Environment variables

Environment variables are just like variables in a programming language (in fact bash is a complete programming language), they are "pointers" that reference data assigned to them. In bash, you assign an environment variable as shown below:

Set an environment variable

export varname="Some value, here it's a string"

Be careful – do not put spaces around the equals sign when assigning environment variable values. Also, always use double quotes if your value contains (or might contain) spaces.

You set environment variables using the bare name (varname above).

You then refer to or evaluate an environment variables using a dollar sign ( $ ) before the name:

Refer to an environment variable

echo $varname

The export keyword when you're setting ensures that any sub-processes that are invoked will inherit this value.

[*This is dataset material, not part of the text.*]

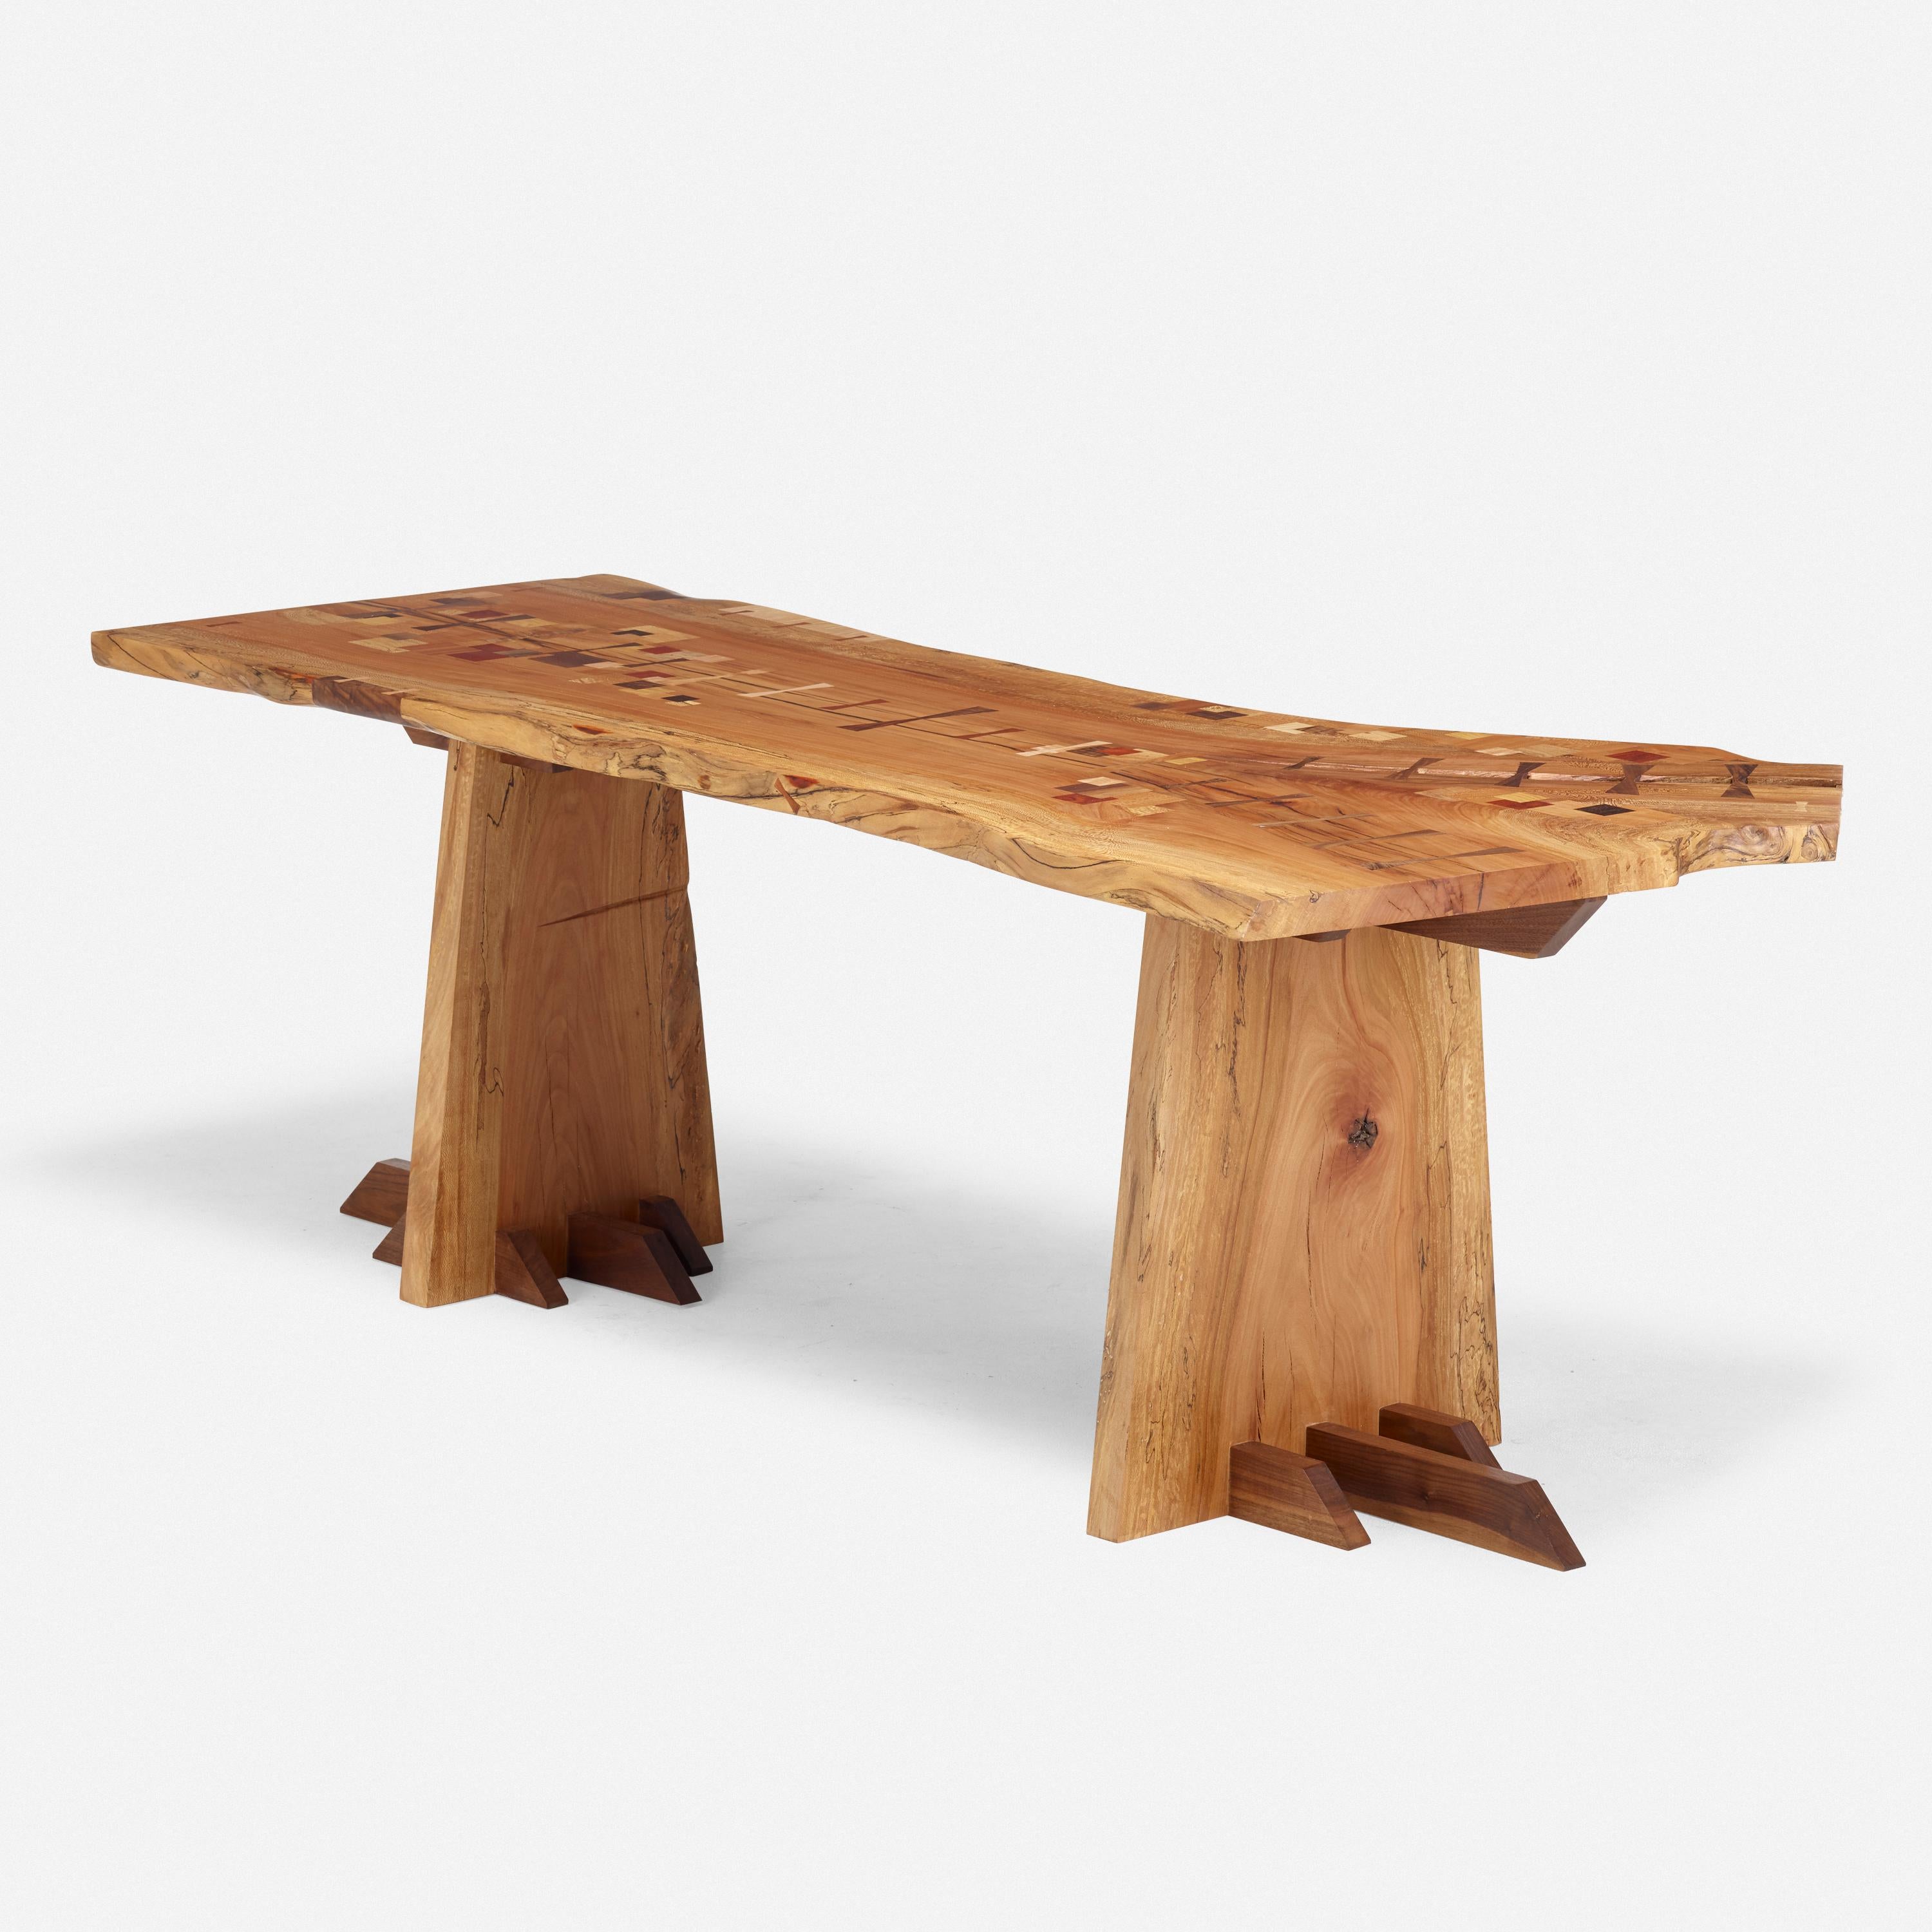 Magnifique table/bureau en sycomore avec une menuiserie unique et de nombreuses incrustations. Il est possible de travailler en privilégiant le type et la variation du bois.

Without the export only the current shell process will have that variable set.

Use the env command to see all the environment variables you currently have set.

Standard streams

Every command and Linux program has three "built-in" streams: standard input, standard output and standard error.

It is easy to not notice the difference between standard output and standard error when you're in an interactive Terminal session – because both outputs are sent to the Terminal. But they are separate streams, with different meanings. When running batch programs and scripts you will want to manipulate standard output and standard error from programs appropriately.

redirecting output

To take the standard output of a program and save it to a file, you use the > operator
- a single > overwrites any existing target; a double >> appends to it
- since standard output is stream #1, this is the same as 1>
To redirect the standard error of a program you must specify its stream number using 2>
To redirect standard output and standard error to the same place, use the syntax 2>&1

To see the difference between standard output and standard error try these commands:

Output redirection examples

# redirect a long listing of your $HOME directory to a file
ls -la $HOME > cmd.out
# look at the contents -- you'll see just files
cat cmd.out

# this command gives an error because the target does not exist
ls -la bad_directory

# redirect any errors from ls to a file
ls -la bad_directory 2> cmd.out
# look at the contents -- you'll see an error message
cat cmd.out

# now redirect both error and output streams to the same place
ls -la bad_directory $HOME > cmd.out
# look at the contents -- you'll see both an error message and files
cat cmd.out

piping

The power of the Linux command line is due in no small part to the power of piping. The pipe symbol ( | ) connects one program's standard output to the next program's standard input.

A simple example is piping uncompressed data "on the fly" to a pager like more:

Pipe gunzip -c output to a pager

# the -c option says to write decompressed data to the console (stdout)
gunzip -c big.fq.gz | more

But the real power comes when you stitch together a string of commands with pipes – it's incredibly flexible, and fun once you get the hang.

The power of chaining pipes

# create a histogram of mapping quality scores for the 1st 1000 mapped bam records
samtools view -F 0x4 small.bam | head -1000 | cut -f 5 | sort -n | uniq -c

Using Commands

Command options

Sitting at the computer, you should have some idea what you need to do. There's probably a command to do it. If you have some idea what it starts with, you can type a few characters and hit Tab twice to get some help. If you have no idea, you Google it or ask someone else.

Once you know a basic command, you'll soon want it to do a bit more - like seeing the sizes of files in addition to their names.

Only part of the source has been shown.